Re: [HACKERS] Forcing current WAL file to be archived

2006-07-25 Thread Bruce Momjian
Simon Riggs wrote:
 On Tue, 2006-07-25 at 11:31 -0400, Tom Lane wrote:
  Bruce Momjian [EMAIL PROTECTED] writes:
   For example, if you do pg_stop_backup(), in what cases would you not
   also call pg_finish_wal_segment()?  I can't think of one.
  
  I can't see why you would need to, unless your intention is not to run
  PITR at all but only to make a filesystem backup instead of using
  pg_dump. 
 
 If thats all you want you can set 
   archive_command = 'echo %f %p  /dev/null'

Uh, what good is a file system backup without the WAL files modified
during the backup?

   Normally you'd be running a continuing archival process and
  there's no particular need to force the current WAL segment off to
  archive at that exact instant.
 
 That's exactly the point of contention. When we originally completed
 PITR we thought that was acceptable. It isn't and many people have stuck
 pins in effigies of me since then. :-/
 
  My point here is that forcing the current segment to archive is a
  function of whatever your continuous-archiving process is, and it's
  not necessarily tied to backups.  We should not prejudge when people
  want that fairly-expensive function to be invoked.
 
 The point is until that last WAL file is backed up, the whole backup is
 useless. It isn't good policy to have a backup's value be contingent on
 some future event.

Good analysis.

-- 
  Bruce Momjian   [EMAIL PROTECTED]
  EnterpriseDBhttp://www.enterprisedb.com

  + If your life is a hard drive, Christ can be your backup. +

---(end of broadcast)---
TIP 1: if posting/reading through Usenet, please send an appropriate
   subscribe-nomail command to [EMAIL PROTECTED] so that your
   message can get through to the mailing list cleanly


Re: [HACKERS] Forcing current WAL file to be archived

2006-07-25 Thread Csaba Nagy
 OK, offset added to TODO item.  What would the offset give us?

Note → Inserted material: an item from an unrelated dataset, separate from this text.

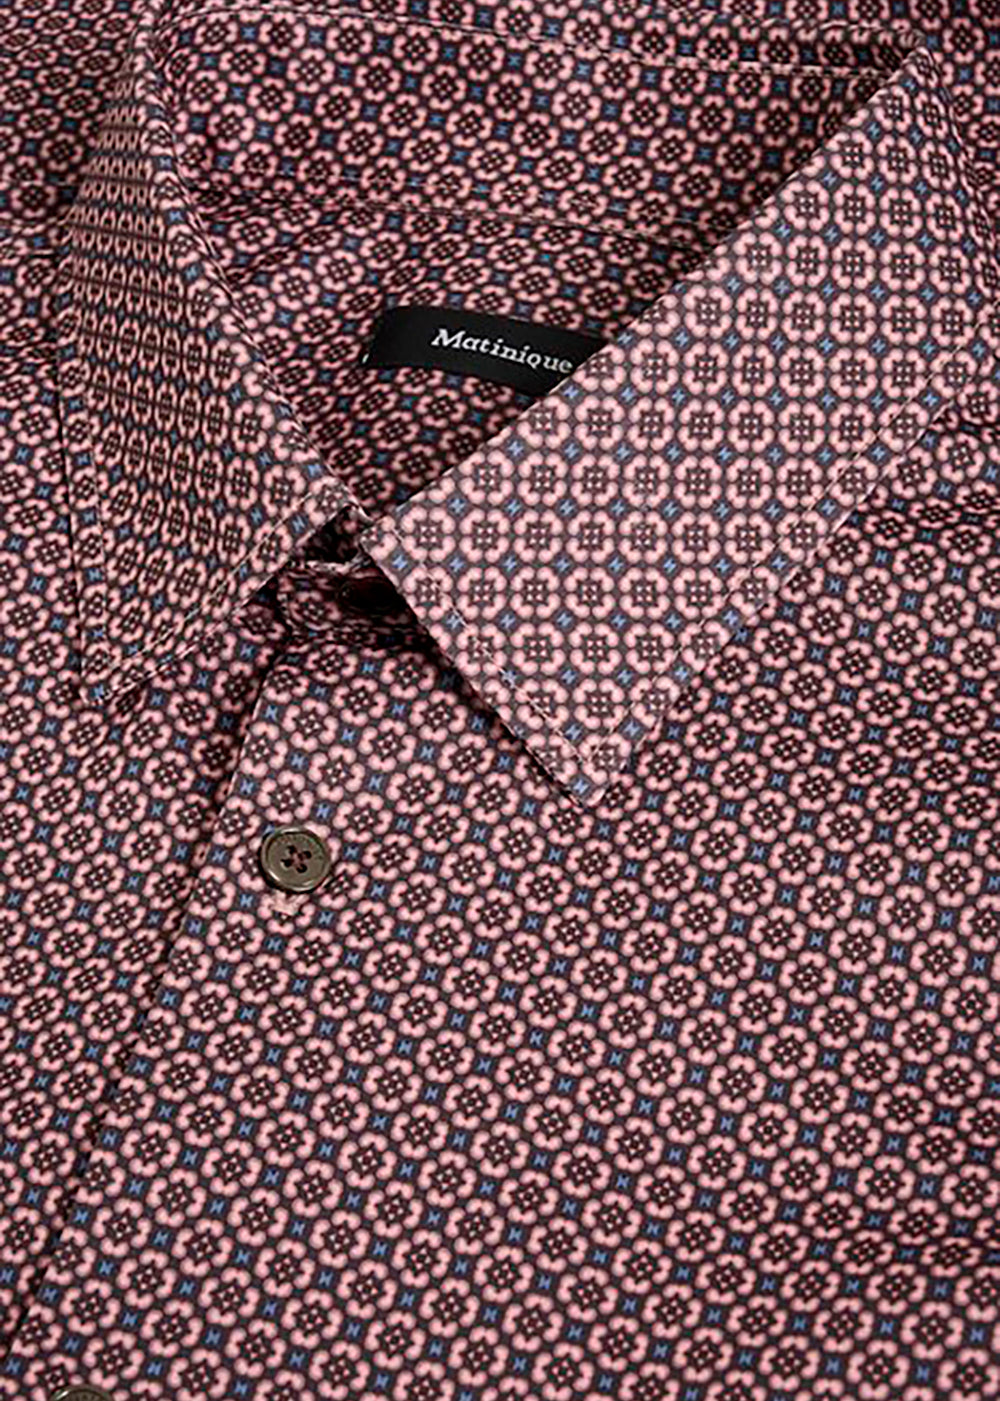 Trostol Short Sleeve Shirt - Faded Rose - Matinique Canada - Danali
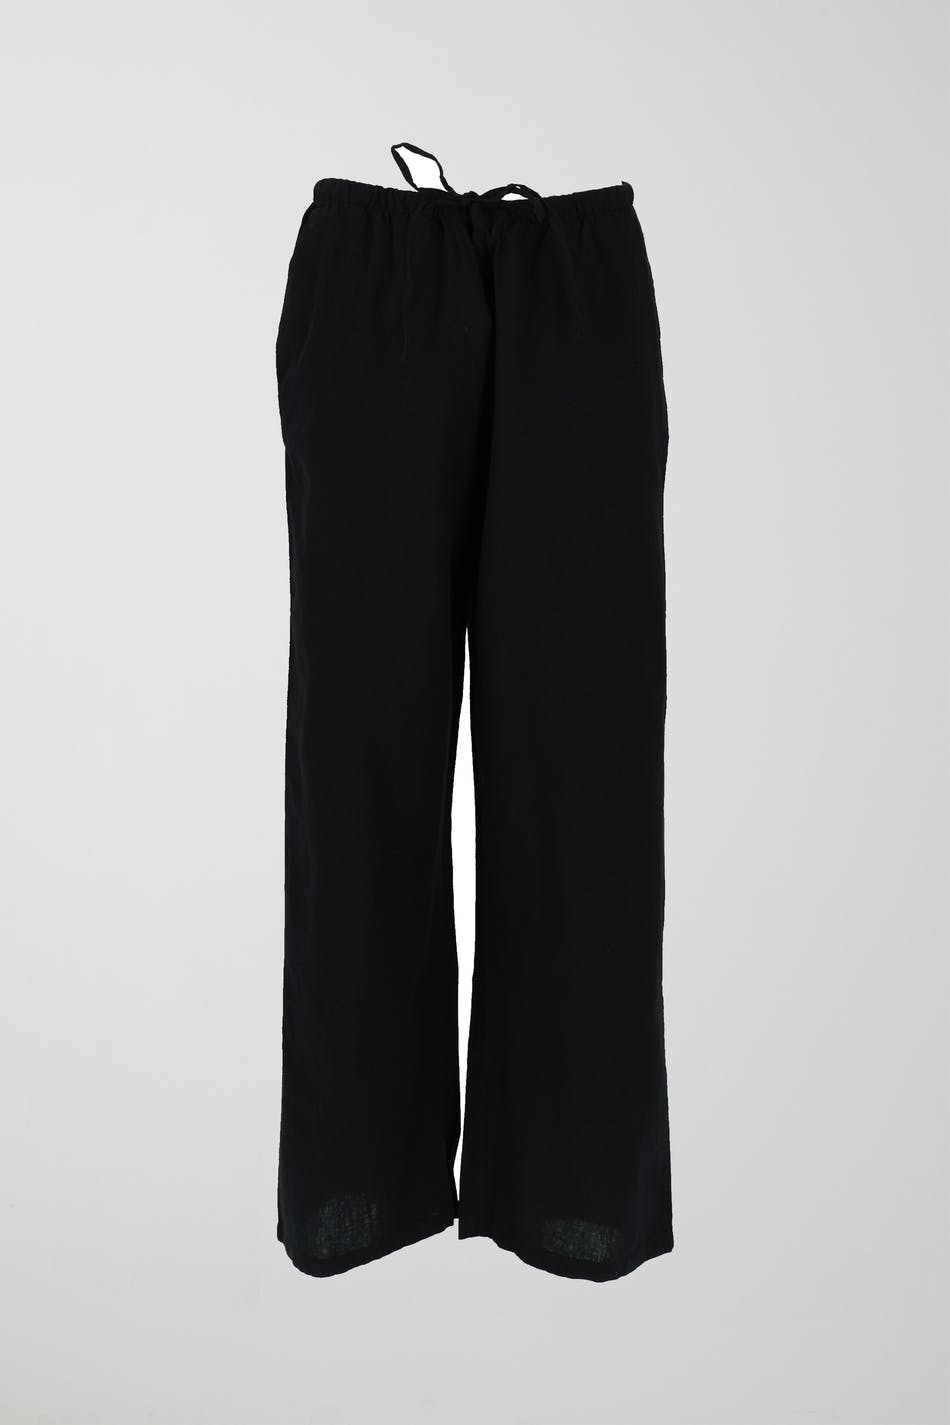 Gina Tricot - Petite linen blend trousers - linnebyxor - Black - XS - Female

The last offset could be remembered by the external program, and it only
has to transfer from the last offset to the new one. It allows
incremental streaming of the WAL files... of course the external program
will be a lot more complex than the current shell scripts which can be
used for WAL archiving...

The problems I see with this is if in this case the normal postgres WAL
archiving won't conflict with this streaming ? And if yes, wouldn't it
be better to have a separate mechanism for the stream based archiving ?
I mean what will happen if postgres successfully archives the WAL file
and then moves it out of way before the streaming process finishes with
it, the streaming process will have a problem... 

A few months ago I spent some time thinking about a solution where a WAL
based standby could be built using only normal data base connections to
the master server, and one of the ideas was to create a WAL subscription
mechanism where the standby subscribes for getting WAL files, and
updates it's subscription status with the last processed WAL file after
each processed file. The master can then recycle the WAL files only
after they were confirmed by all current subscriptions... and to avoid
excessive WAL file bloat if a slave goes offline, the subscription could
be canceled automatically if it gets too much behind.

If this mechanism is in place, it would be also nice if the slave could
ask for the WAL records to be streamed on a normal data base connection.
The function which would do it could be smart enough to stream the
current WAL file too up to the current offset and then wait for new
records. The slave would invoke the function for each WAL file it needs
to transfer, and then when finished it would update it's subscription
status and continue with the next one. The streaming function should not
update the subscription status as this way the slave can ask for the
file again if something goes wrong with the transfer.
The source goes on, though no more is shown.